Despite her extensive screenwriting, she says that with The Strange Letter Z she set out to write something that possibly couldn’t be filmed: “I just wanted to get into the literary world totally, by writing something very cognitive.” She feels she certainly couldn’t write the screenplay because it’s over for her now.

Already her mind is focusing on her next novel, which will be more story-focused and driven by narrative. Its direction has been influenced by her love of genre work, in particular, thrillers. “I didn’t think it would be a thriller, but I am motivated by the satisfaction of thriller,” she says.
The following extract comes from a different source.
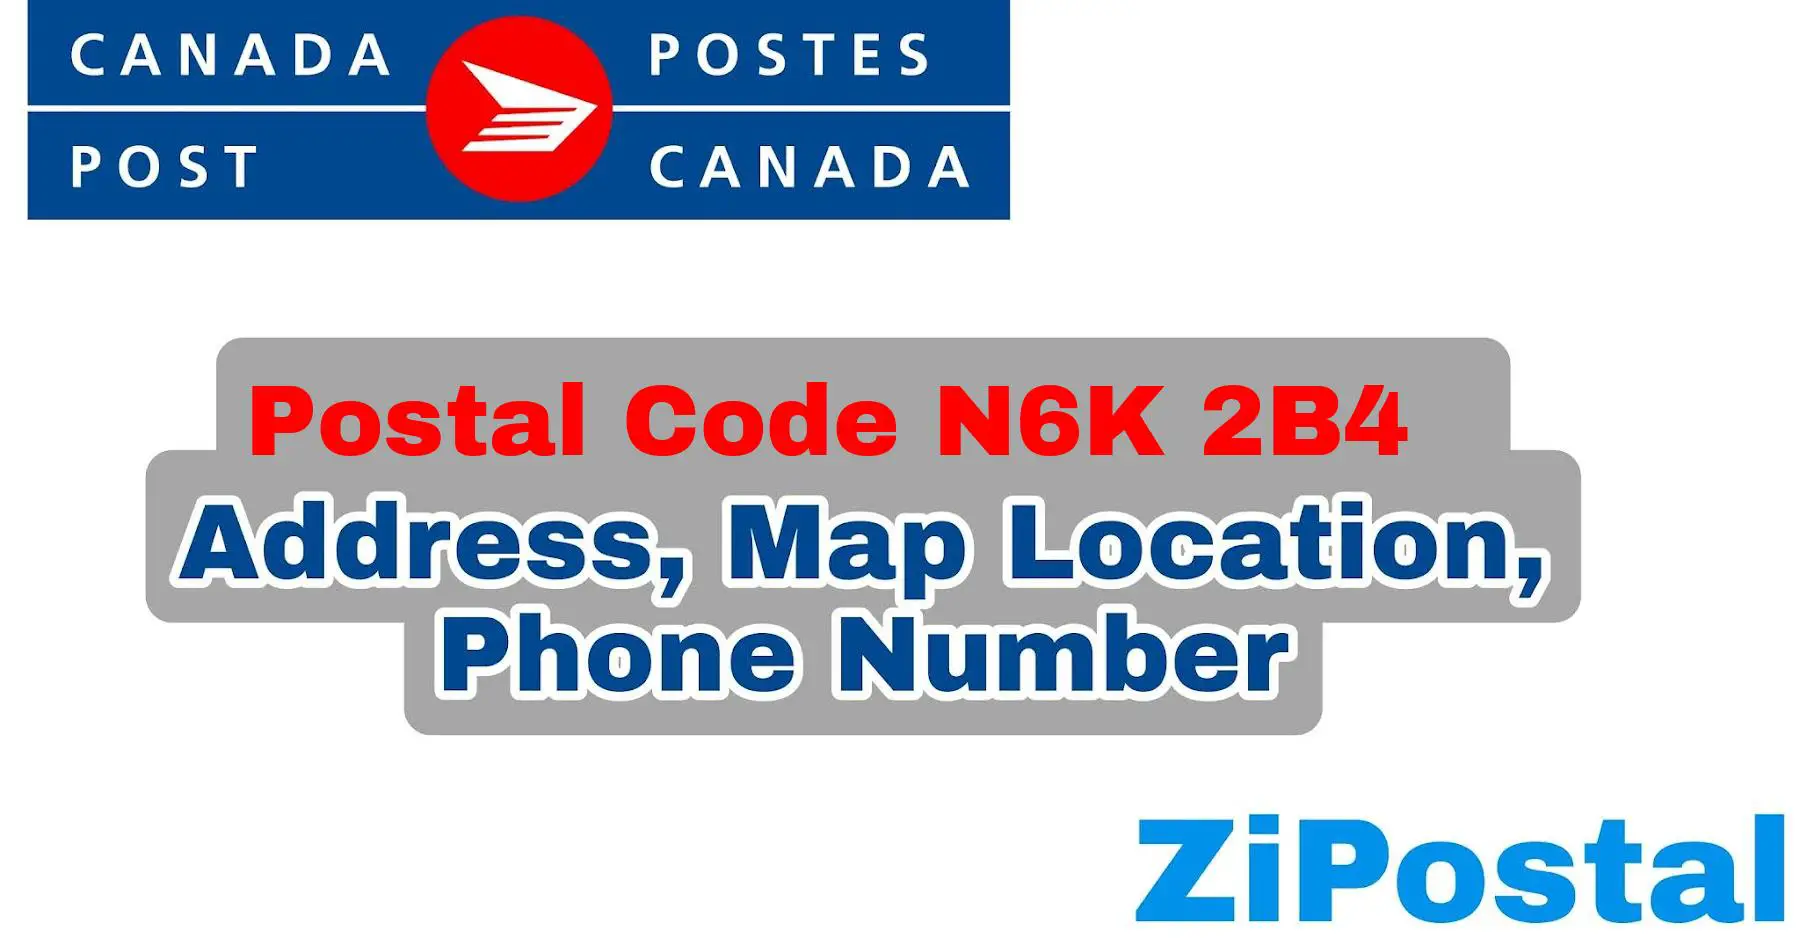 Postal Code N6K 2B4 Address Map Location and Phone Number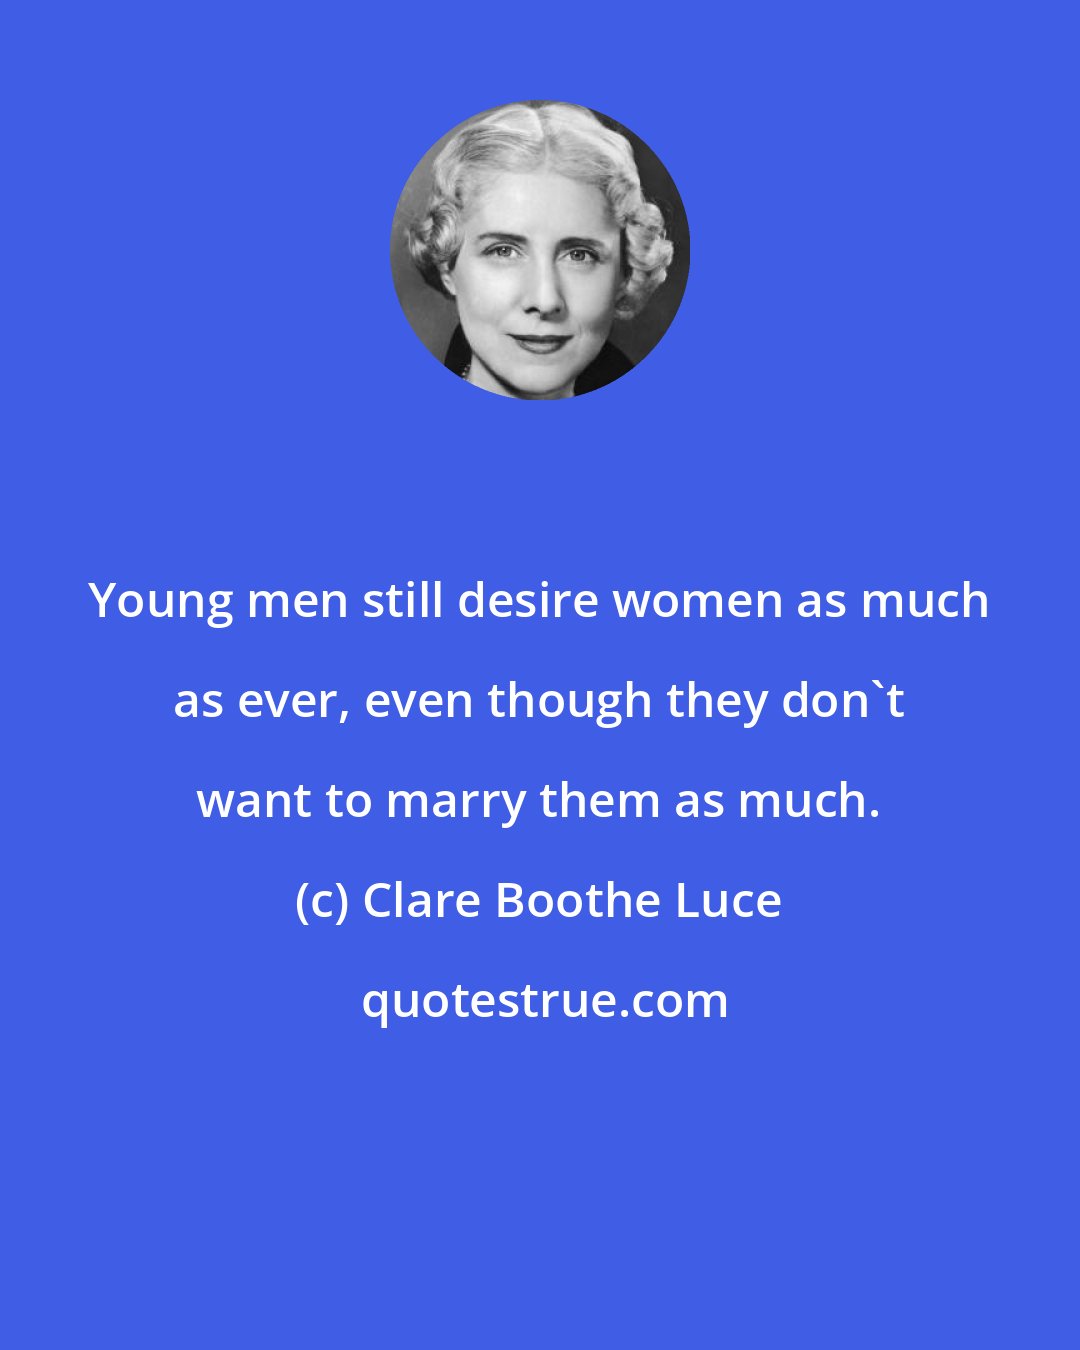 Clare Boothe Luce: Young men still desire women as much as ever, even though they don't want to marry them as much.

The epigraph, taken from Balzac’s short story “Z Marcas”, marks the strong purpose of the novel: “Do you not discern in that letter Z an adverse influence? Does it not prefigure the wayward and fantastic progress of a storm-tossed life? . . . Marcas! Does it not hint of some precious object that is broken with a fall, with or without a crash?” In the story, the letter Z in Marcas’ name becomes a badge of fate, like a defect that handicaps him for the rest of his life. Marcus’ tragedy, like that of Nerida and Alexis, is he believes he is helpless to alter his future, and therefore won’t. They were born, says Daley, with particular personalities that lend to torment, stress and trauma, which make them accepting of their fate.

Alexis’s greatest moment comes at the end of the book when he decides he will no longer accept this storm-tossed life, letting his love for Nerida assist in discarding his destructive persona. As Daley writes, “You love someone to overcome desolation of the soul.”